REQUIRED ACTION> This calls for a word-for-word copy of all the data, with each picture removed.
** Opening SUPPLIED MATERIAL block **
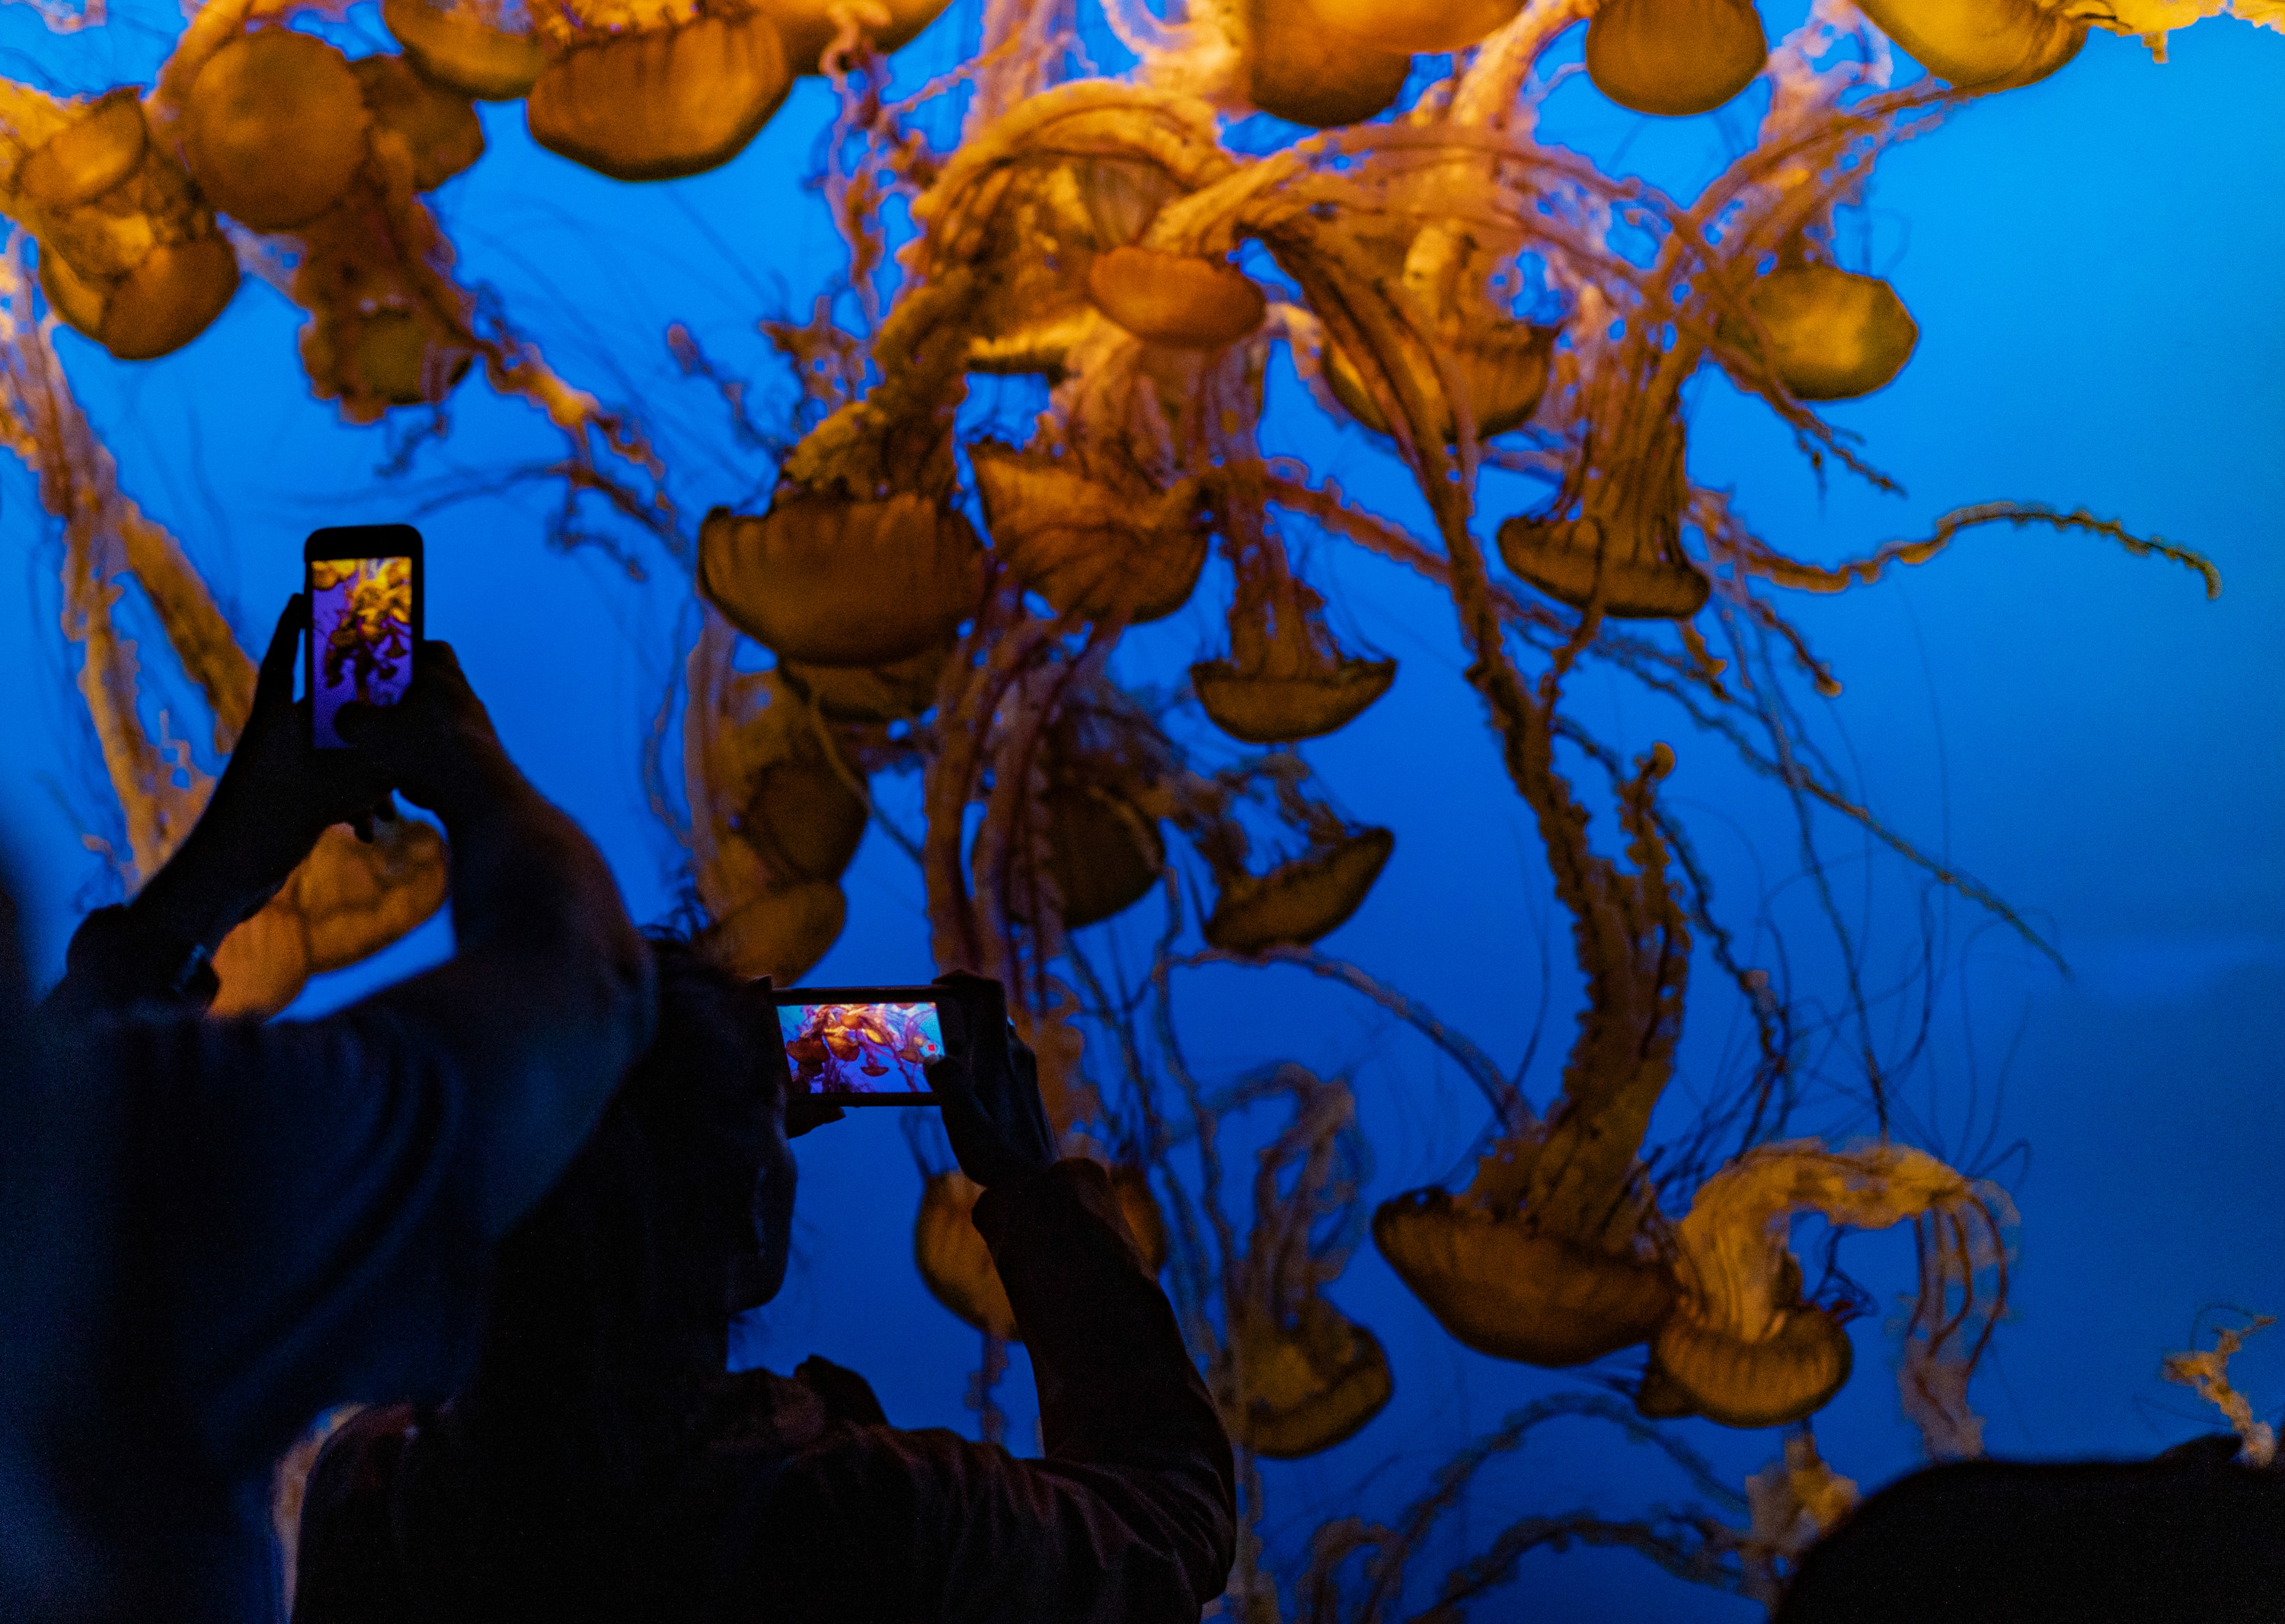 People taking pictures of jellyfish in an aquarium
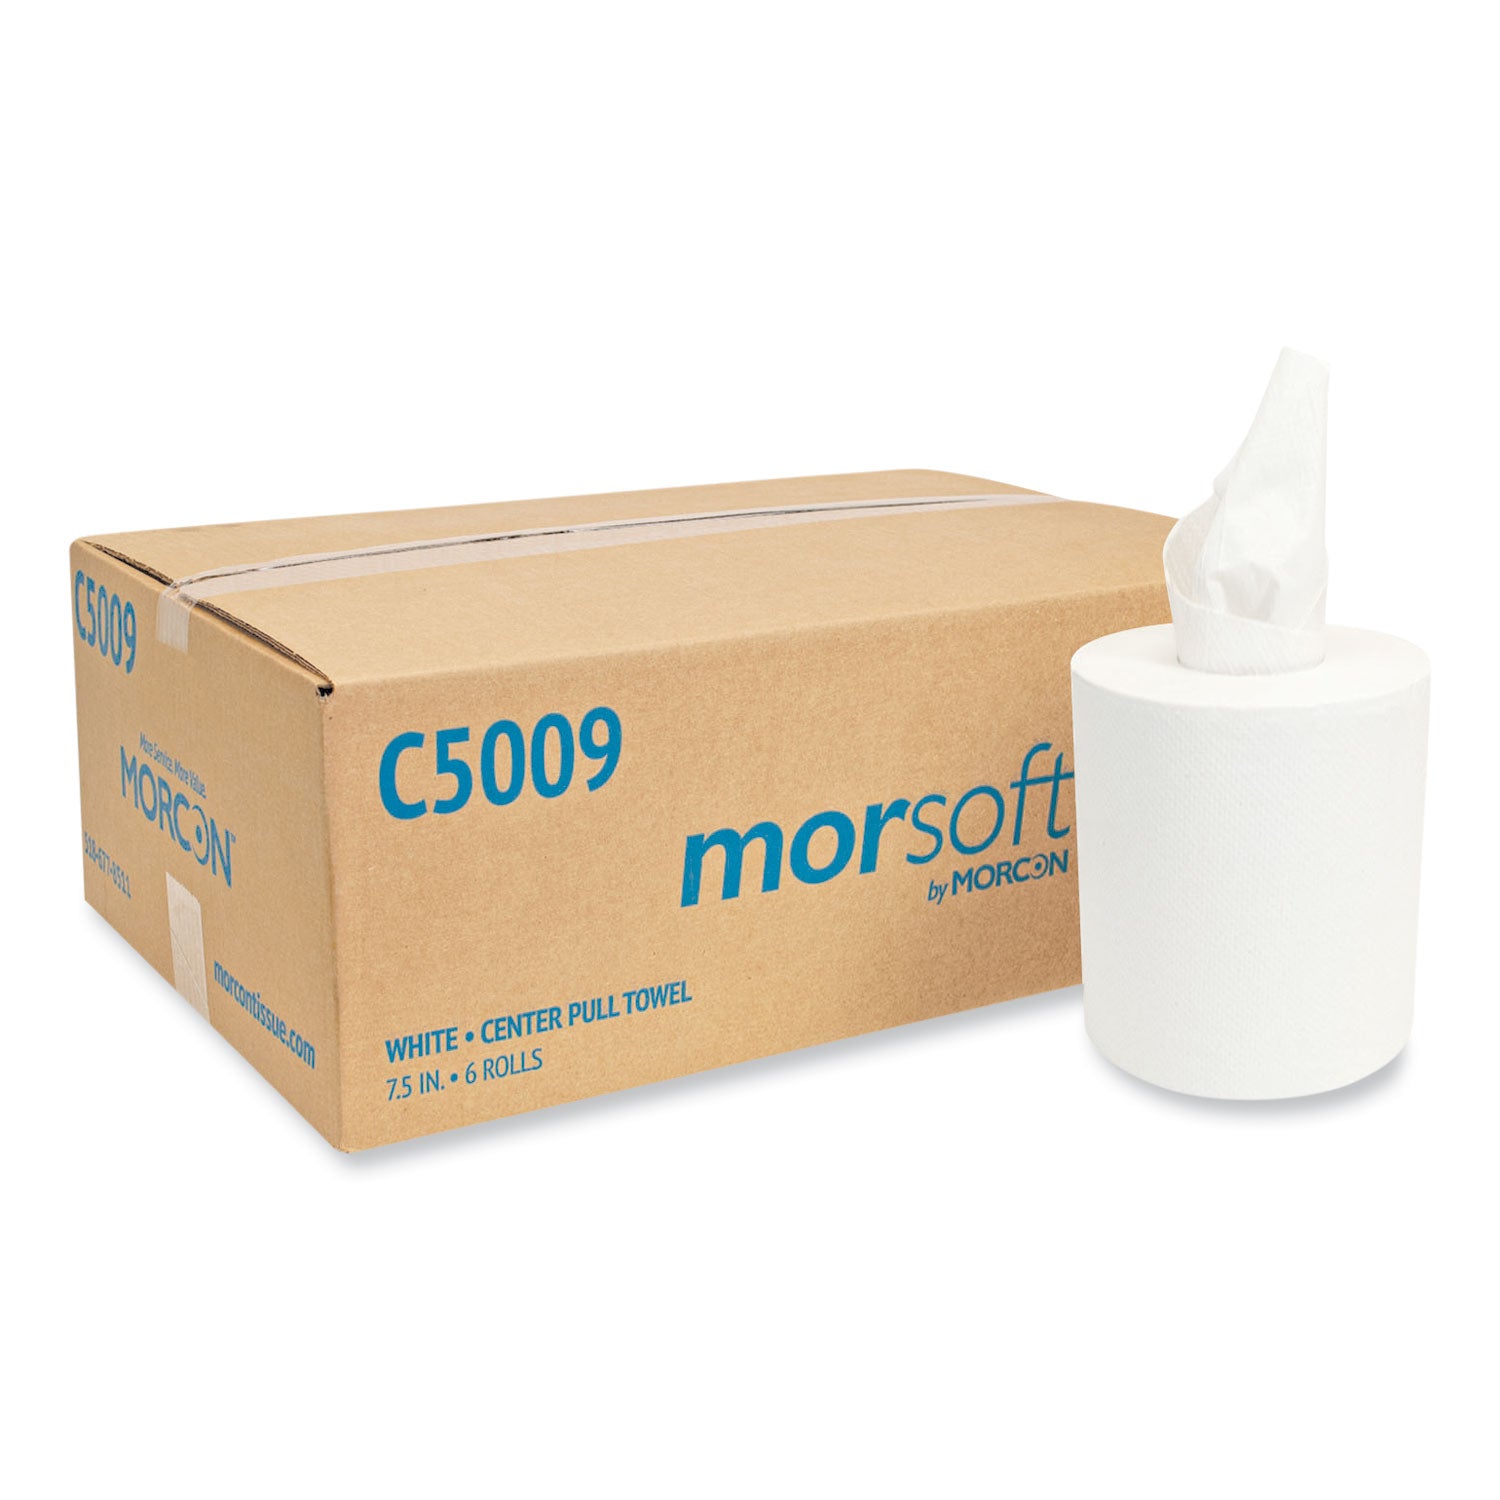 morsoft-center-pull-roll-towels-2-ply-69-dia-500-sheets-roll-6-rolls-carton_morc5009 - 1
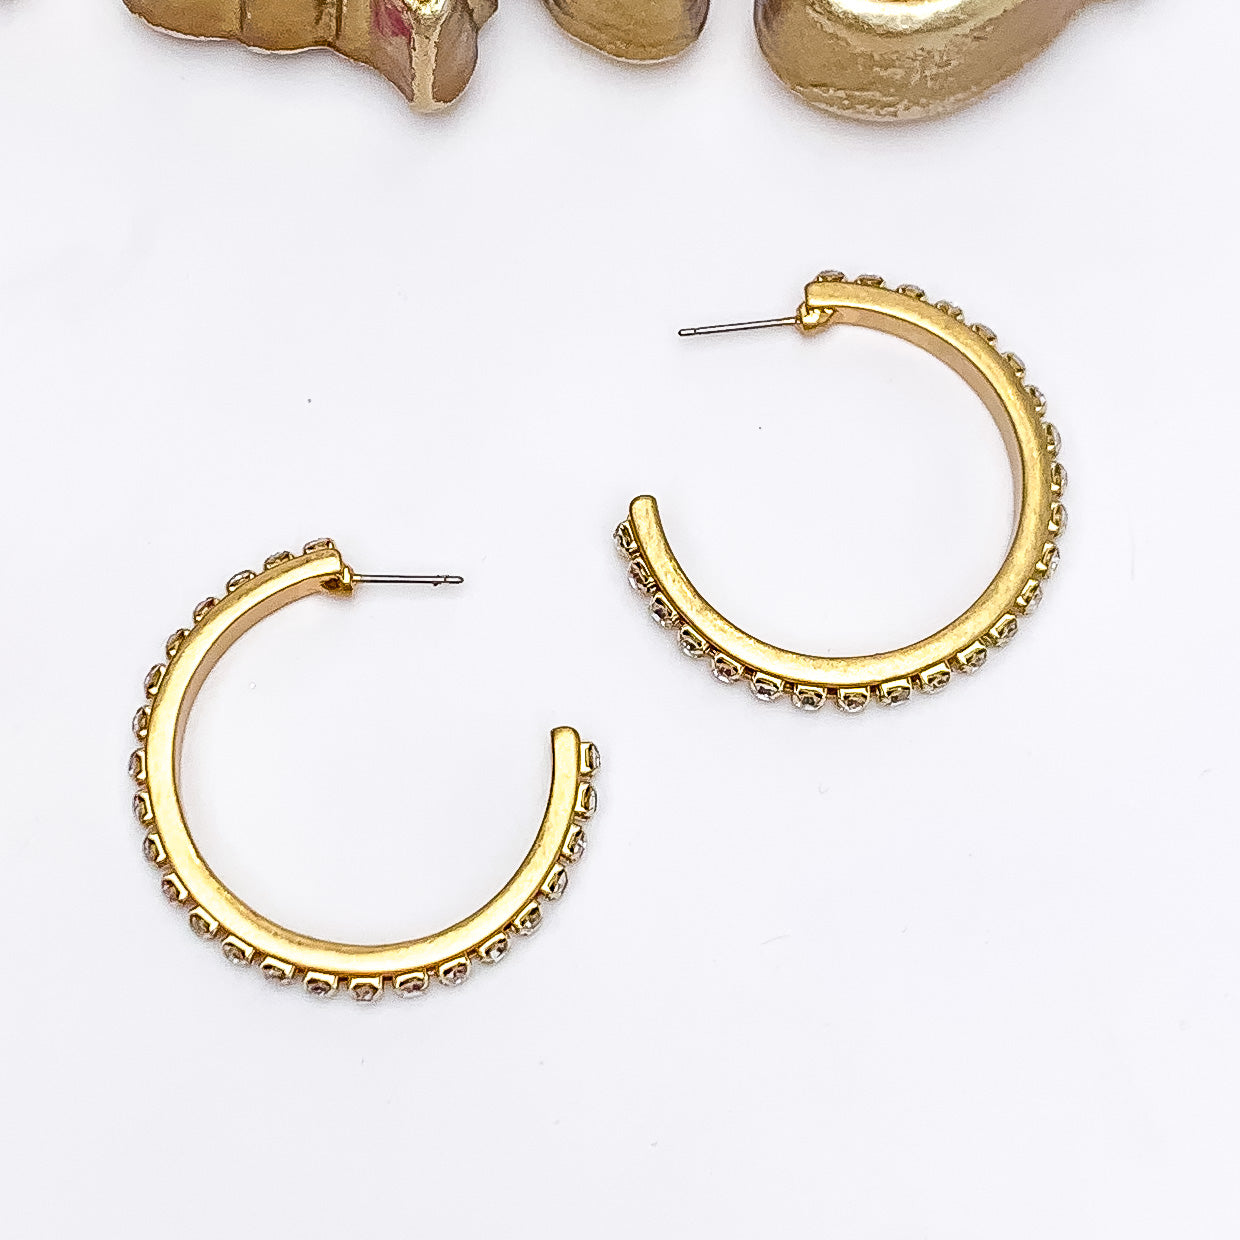 City Nights Gold Tone Hoop Earrings With Inlaid Clear Crystals - Giddy Up Glamour Boutique
** Closing SUPPLIED MATERIAL block **
OUTPUT FOR THIS EXERCISE>
 People taking pictures of jellyfish in an aquarium
 morsoft-center-pull-roll-towels-2-ply-69-dia-500-sheets-roll-6-rolls-carton_morc5009 - 1
 City Nights Gold Tone Hoop Earrings With Inlaid Clear Crystals - Giddy Up Glamour Boutique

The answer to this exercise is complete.